14. A veneer, comprising:

the EXP coding chip is used for coding an EXP field of an outer label of the message according to the service type and the message color information of the PHB of the forwarding behavior of each hop of an ingress node of the message, wherein the EXP field comprises: a first field for identifying the service type of the message and a second field for identifying whether the message is a virtual private network service message within a committed bandwidth in a virtual link entering a PE (provider edge) head node of an operator edge router;

the buffer is coupled to the EXP coding chip and used for buffering the message coded by the EXP coding chip;

wherein the PE head node encodes according to the following rules:

the veneer further comprises: and the scheduler is coupled to the buffer and is used for performing at least port scheduling, tunnel scheduling, virtual link scheduling and flow level scheduling in a first-level scheduling control process according to the access node PHB, wherein the port scheduling is used for ensuring that the flows of a plurality of ports are not interfered with each other, the tunnel scheduling is used for ensuring the flow control of a plurality of tunnels in the port, the virtual link scheduling is used for ensuring the flow control of a plurality of virtual links in the virtual link, and the flow level scheduling is used for ensuring scheduling and forwarding requirements to be executed by services with different service types in the tunnels carried by the virtual link.

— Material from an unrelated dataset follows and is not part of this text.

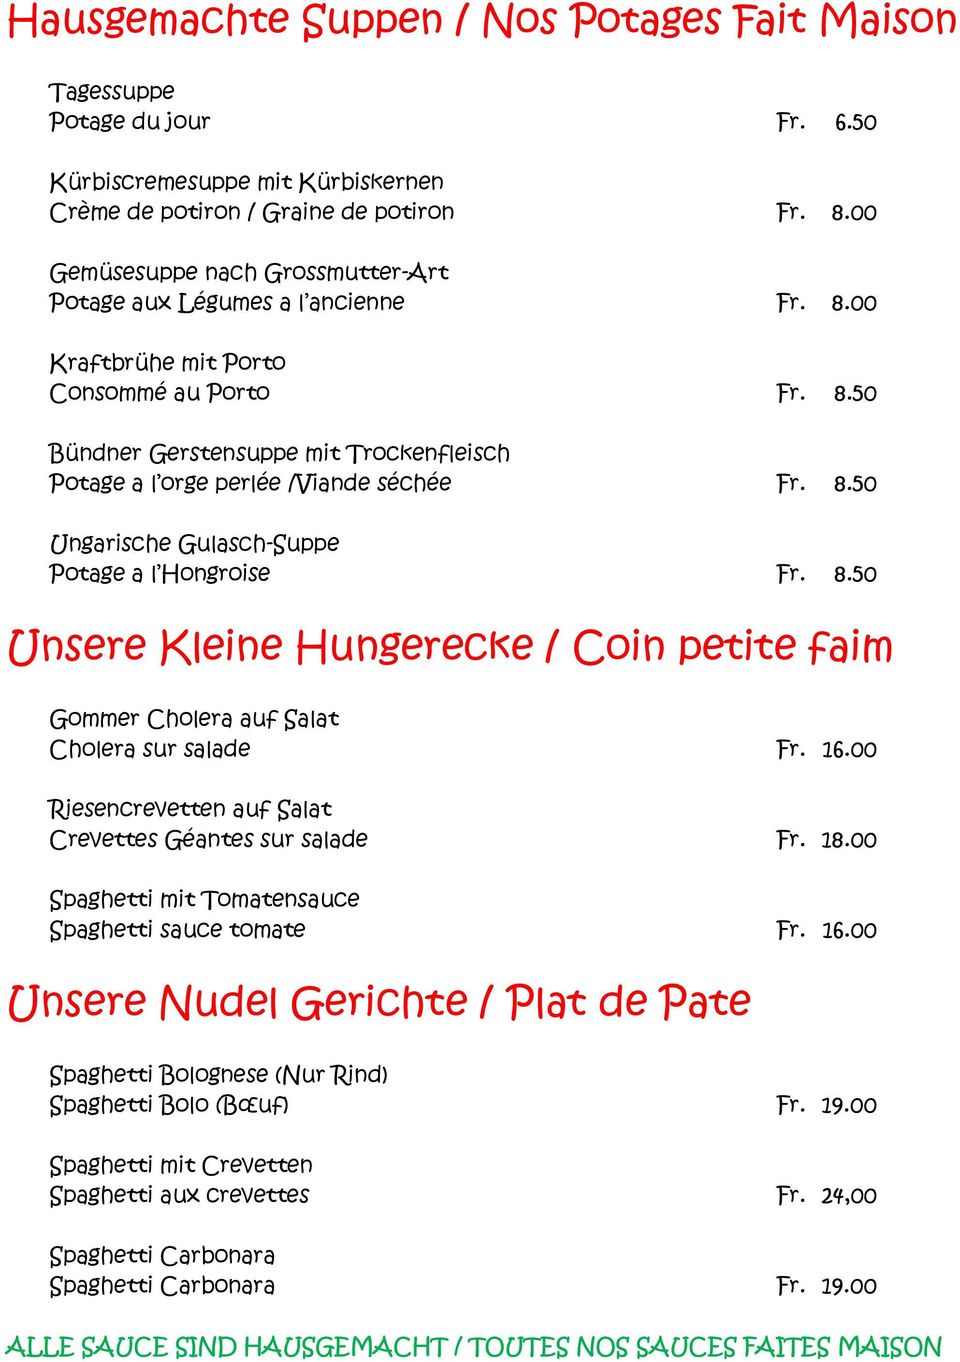 8.50 Ungarische Gulasch-Suppe Potage a l Hongroise Fr. 8.50 Unsere Kleine Hungerecke / Coin petite faim Gommer Cholera auf Salat Cholera sur salade Fr. 16.

15. The board according to claim 14, wherein the scheduler is further configured to forward, according to the ingress node PHB, a packet with a higher forwarding priority for a service type that is preferentially forwarded in a second-level scheduling control process during packet header encapsulation processing of the packet.

16. A veneer, comprising:

a processor, configured to map, according to an EXP field of a packet received by an intermediate node, each hop issue as a PHB, where the EXP field includes: a first field for identifying the service type of the message and a second field for identifying whether the message is a virtual private network service message within a committed bandwidth in a virtual link entering a PE (provider edge) head node of an operator edge router;

the scheduler is coupled to the processor and is used for carrying out two-stage scheduling control on flow according to the mapped PHB, wherein the first-stage scheduling control is used for controlling bandwidth, and the second-stage scheduling control is used for controlling the prior forwarding of the message;

wherein the intermediate node maps according to the following rules:

the veneer further comprises: and the scheduler is coupled to the buffer and is used for performing at least port scheduling, tunnel scheduling, virtual link scheduling and flow level scheduling in the first-level scheduling control process according to the mapped PHB, wherein the port scheduling is used for ensuring that the flows of a plurality of ports are not interfered with each other, the tunnel scheduling is used for ensuring the flow control of a plurality of tunnels in the port, the virtual link scheduling is used for ensuring the flow control of a plurality of virtual links in the virtual link, and the flow level scheduling is used for ensuring the scheduling and forwarding requirements to be executed by the services of different service types in the tunnels carried by the virtual link.